If you want to give it a try: https://github.com/jeffhain/jodk/blob/master/src/net/jodk/th...
You were interested in the diamond queue, so just wanted to say that it is now released in our GitHub => https://github.com/coralblocks/CoralQueue?tab=readme-ov-file...
Given the documentation says that this is supposedly to be between JVMs, how do they handle the serialize/deserialize?
They punt on the actual serialization format: https://www.coralblocks.com/index.php/inter-process-communic...

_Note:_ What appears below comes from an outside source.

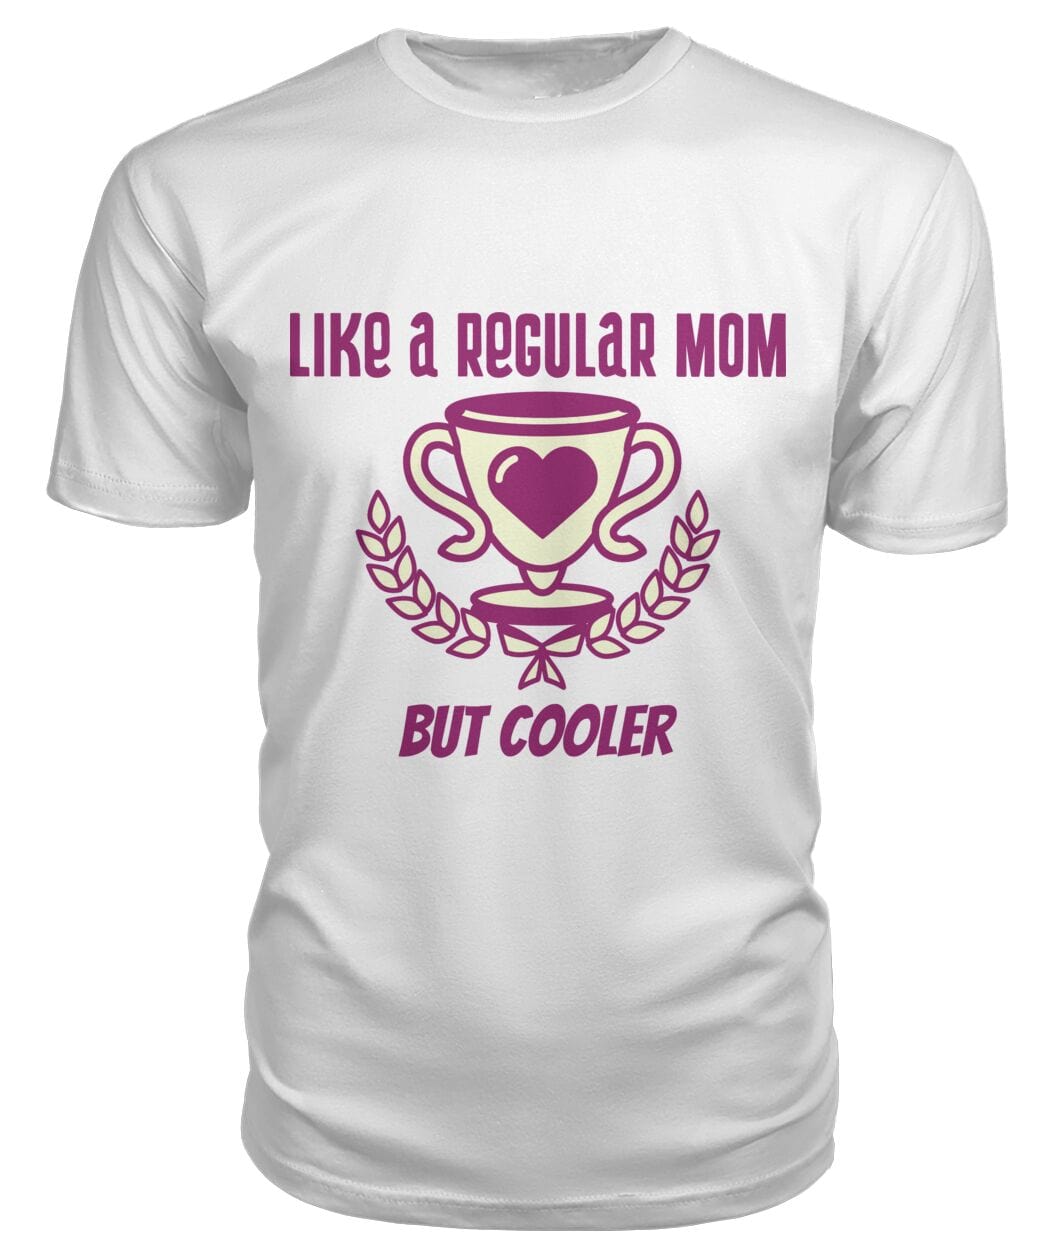 Cooler mom

In most applications like this you'll see direct byte manipulation to byte buffers because you want to pull as much performance as possible.
There are fast serialization formats like SBE that people leverage for this as well.
> Given the documentation says that this is supposedly to be between JVMs, how do they handle the serialize/deserialize?
Your transfer object needs to implement MemorySerializable. Below two examples from CoralRing's GitHub:
https://github.com/coralblocks/CoralRing/blob/main/src/main/...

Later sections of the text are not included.